Gartner's analysis, for example, that PC shipments in Western Europe were down by nearly 19% was bleak indeed. Acer was especially badly hit, losing over a third of its sales compared to last year.

No-one, it seems, is buying anything but iPads. Which is one of the reasons HP spectacularly announced last week that it is selling off its PC business altogether . That's the world's number one PC vendor leaving us to focus on cloud stuff. Ouch.

Despite what Razer might have you believe , though, things are actually looking quite good as far as PC gaming hardware goes. Jon Peddie Research – one of the few analyst firms that track sales of graphics cards – published its quarterly report yesterday. In this, it showed that shipments of graphics cards were below slightly below average for the last three months.

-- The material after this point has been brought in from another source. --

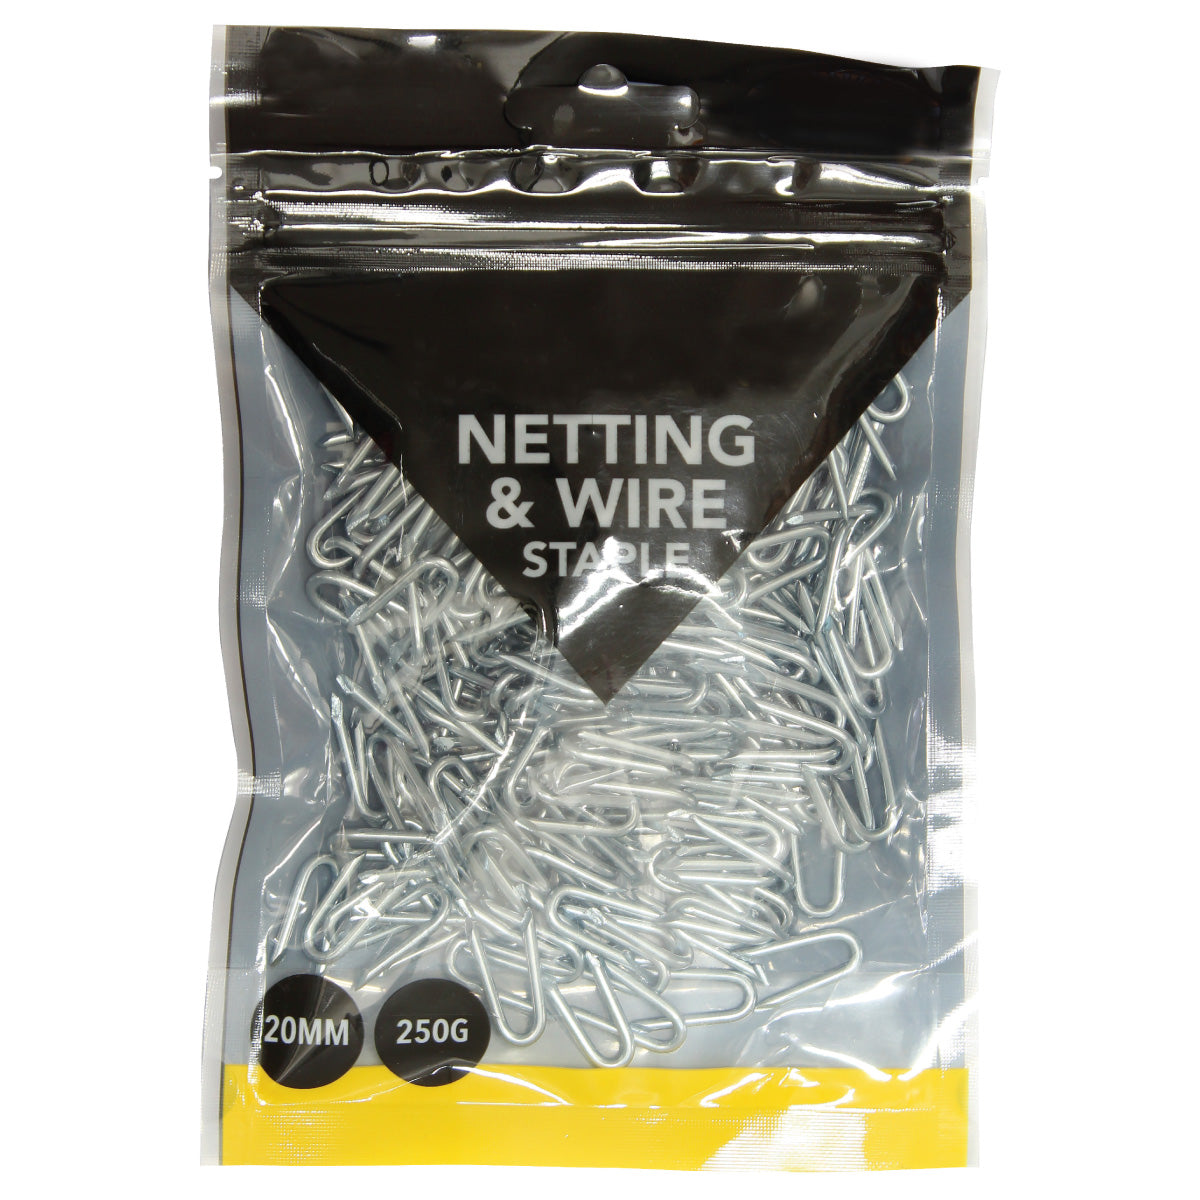 Netting & Wire Staple

However, it included this interesting qualifier:

“The add-in board (AIB) market is fuelled at the high-end by the enthusiast gamer, small in volume (~3m a year) but high in dollars (average spend for an AIB ~$300). The AIB shipment volume comes from the Performance and Mainstream segments. GPU-compute is adding to sales on the high end.”

That's a figure which surprised me, and pleasantly so. If high performance GPUs are still near enough to a billion dollar market, that's big enough to keep the big graphics companies interested for some time to come. To check I wasn't viewing this through the proverbial rose tinted contacts, I mailed Dr Jon Peddie and asked him to clarify his thoughts.

“The remarkable thing about the AIB market,” he explained, “Is that the high-end enthusiast segment is the most stable. The other segments move up and down and the enthusiast is relatively (he said 'relatively') stable.”

Delving a bit deeper into the figures from his latest report, the big hit on GPU sales has been for low performance cards. Discrete desktop graphics (all types) are down by just 500,000, from 16.67m last year to 16.12 for the same period this year, while discrete notebook graphics are down by 300,000 to 19.06m.

All of which is to say that yes, there are profound and fundamental shifts happening in the way we use PCs and computers in general. There'll be more big names go the way of HP before too long, no doubt.

But as far as high performance gaming set-ups go, in this analysis at least, they're looking just as popular as ever. And don't let anyone tell you otherwise.